- Leader: Maj Gen. Jamshed Khan
- Dates active: April 1971 — December 1971
- Allegiance: Pakistan
- Active regions: East Pakistan
- Size: 15,000 — 18,000 (April 1971); 25,000 (May 1971);

= East Pakistan Civil Armed Force =

Paramilitary force in East Pakistan

East Pakistan Civil Armed Force (Note: Bengali: পূর্ব পাকিস্তান বেসামরিক সশস্ত্র বাহিনী, romanized: Pūrba pākistāna bēsāmarika saśastra bāhinī) (EPCAF) was a paramilitary force that operated in East Pakistan. It replaced the East Pakistan Rifles and was being used to guard Dacca and Pakistani strongholds, It evolved from East Pakistan Rifles.

== History ==
While Pakistan Army with its collaborators, Razakars and Mujahid Bahini was focused on stopping Mukti Bahini-led resistance, EPCAF was given the duty to establish internal security and to guard strongholds of Pakistani forces. EPCAF was raised in April 1971, EPCAF effectively replaced East Pakistan Rifles due to decisions made by A. A. K. Niazi and Major Gen. Jamshed Khan became the Director General (DG) of EPCAF under his order. East Pakistan Civil Armed Force particularly evolved from the East Pakistan Rifles, East Pakistan Civil Armed Force was composed of Bihari Muslims, non-Bengalis of East Pakistan, retired personnel, pro-Pakistan Bengalis and West Pakistani personnel. Initially, EPCAF had about 15 thousand to 18 thousand troops, On May 1971, the amount of total personnel grew to 25,000, EPCAF was divided into at least 17 wings.
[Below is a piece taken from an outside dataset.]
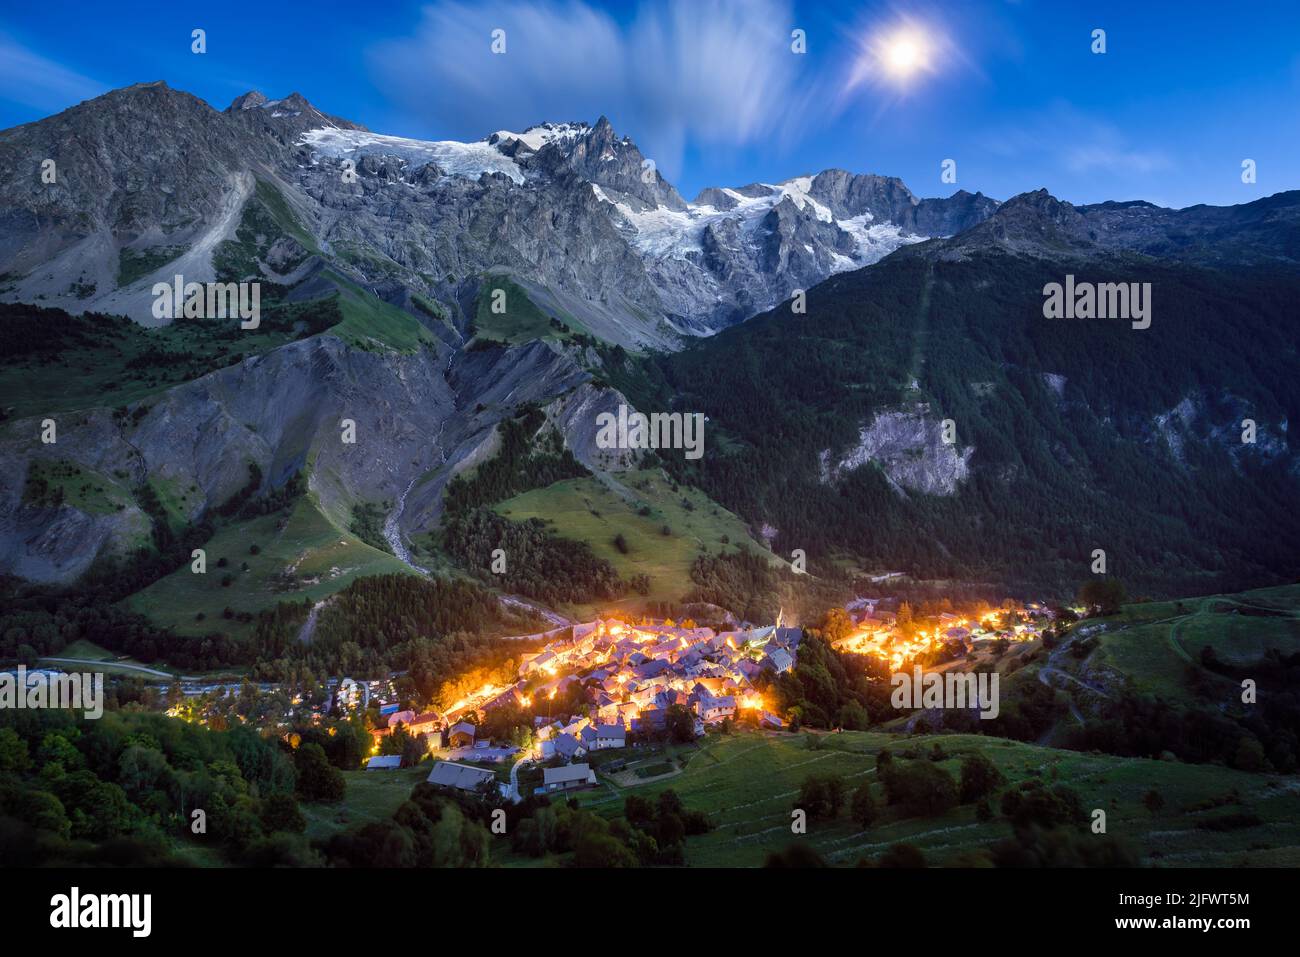 Villaggio la grave con la vetta la Meije e ghiacciai al crepuscolo con l'alba. Parco Nazionale degli Ecrins, Hautes-Alpes, Alpi francesi, Francia Foto Stock

On 1 September 1971, East Pakistan Civil Armed Force launched raids on Basti Nasirabad, three miles east of Dacca, and killed 9 Indian agents linked to the Indian Armed Forces and captured one after a clash between EPCAF and Indian forces, at least 9 rifles, 3 stenguns, 5 shotguns, 39 grenades, several hundred cartridges and 43 mines and high amounts of bombs and explosives were captured.

On 2 September 1971, Mukti Bahini freedom fighters attacked Gazaria Thana targeting nearby EPCAF and Razakar positions which resulted in the death of 3 EPCAF troops, 2 Razakars and capture of 11 Razakars and also capture of 15 rifles and 350 rounds of ammunition.

On 12 September 1971, East Pakistan Civil Armed Force and East Pakistan Police launched a raid in Purana Paltan, Dacca and captured 4 rifles, 3 stenguns, 12 grenades and ammunition and clashed with Indian troops in Narayanganj, Dacca, resulting in 1 EPCAF troop being injured and 13 Indian troops being killed in a joint operation.

In December 1971, India's Border Security Force (BSF) attacked and pounded EPCAF positions in Rajshahi and Chapainawabganj.

On 9 December 1971, Indian forces launched an attack on Ashuganj and attacked EPCAF troops.

On 13 December 1971, Indian troops clashed with Pakistani forces and EPCAF in Sylhet, at least 19 EPCAF troops were killed and 10 were captured in the Battle of Sylhet.

== Deployments ==
- Dacca Sector (Dacca)
  - 13 Wing
  - 16 Wing
- Jessore Sector (Jessore)
  - 15 Wing (Jessore-Chaugachha)
- 4 Wing (Chuadanga)
- 5 Wing (Khulna-Bagerhat-Barisal)
- 17 Wing
- Rajshahi Sector (Rajshahi)
  - 6 Wing (Rajshahi-Chapainawabganj-Rohanpur)
  - 7 Wing (Naogaon-Panitala)
  - 9 Wing (Bogra-Sirajganj)
- Rangpur Sector (Rangpur)
  - 8 Wing (Dinajpur)
  - 9 Wing (Thakurgaon-Panchagarh)
  - 10 Wing (Rangpur-Lalmonirhat)
- Comilla Sector (Comilla)
  - 1 Wing (Comilla)
  - 3 Wing (Brahmanbaria)
  - 12 Wing (Comilla)
- Chittagong Sector
  - 2 Wing (Feni)
  - 11 Wing (Chittagong)
  - 14 Wing (Chittagong-Cox's Bazar)
==Aftermath==
After Pakistani forces were defeated by the Mukti Bahini and Indian Army and surrendered on 16 December 1971 and the Bangladesh War of Independence came to an end, Families of members and leaders of East Pakistan Civil Armed Force were promised rewards and benefits by Pakistani authorities.

Despite being a paramilitary force which operated in East Pakistan under the jurisdiction of the Pakistan Army, unlike the Razakars and Mujahid Bahini, EPCAF was not involved in war crimes or the Bangladesh genocide and was more focused on repelling Mukti Bahini offensives and guarding Pakistani strongholds and EPCAF was dismantled after December 1971.